Realized major impracticality: adds more RP blocks even if no CNOTs: only add if 1) there are no gates yet or 2) there is a CNOT currently as the last item in the qubit list. Fixed this, and this increases speed by quite a bit.
Reminder: all in elegans_adapt2.py
Fixed issue with sample circuits 4-9. Model 2 can now effectively handle [some rotation] CNOT [some rotation] and CNOT [rotation] in any order on the qubits. Will implement simplification on each individual RP section tomorrow.
Wrote new Circuit class in circuit.py to handle storage, updating of genes and conversion to unitary.
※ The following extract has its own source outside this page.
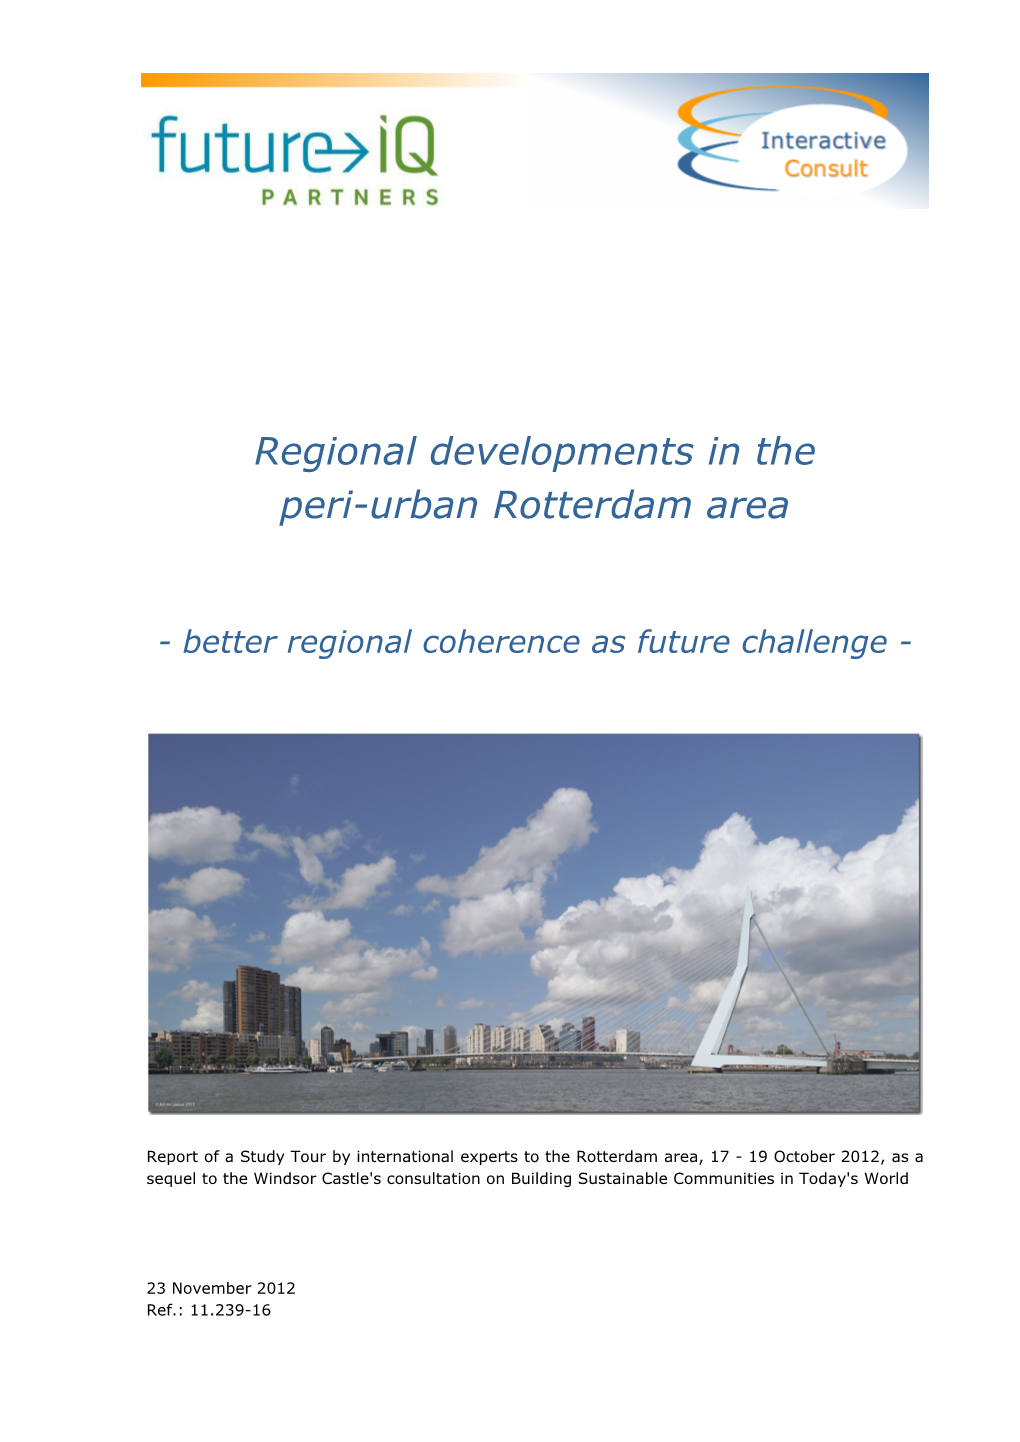 Regional Developments in the Peri-Urban Rotterdam Area

Implemented in elegans_adapt2.py for the iterative learning circuit. Started test_circuits.py which is a framework for simulating the circuits and actually experimentally testing them using Qiskit.
Developed "learning circuit" in elegans_new.py using the Pauli spin, P, CNOT. Also built a genetic algorithm in ga.py. Adapting elegans_new.py to cirq in elegans_cirq.py to better study the circuits with CNOTs--since if we do not allow any CNOTs, a circuit of only 4N for N qubits can learn a circuit of arbitrary depth.
As of the LO, the code I am using is syk.py to generate the Majorana operators and SYK Hamiltonians. interact_jg.py adapts Jafferis and Gao et al to implement the wormhole teleportation protocol.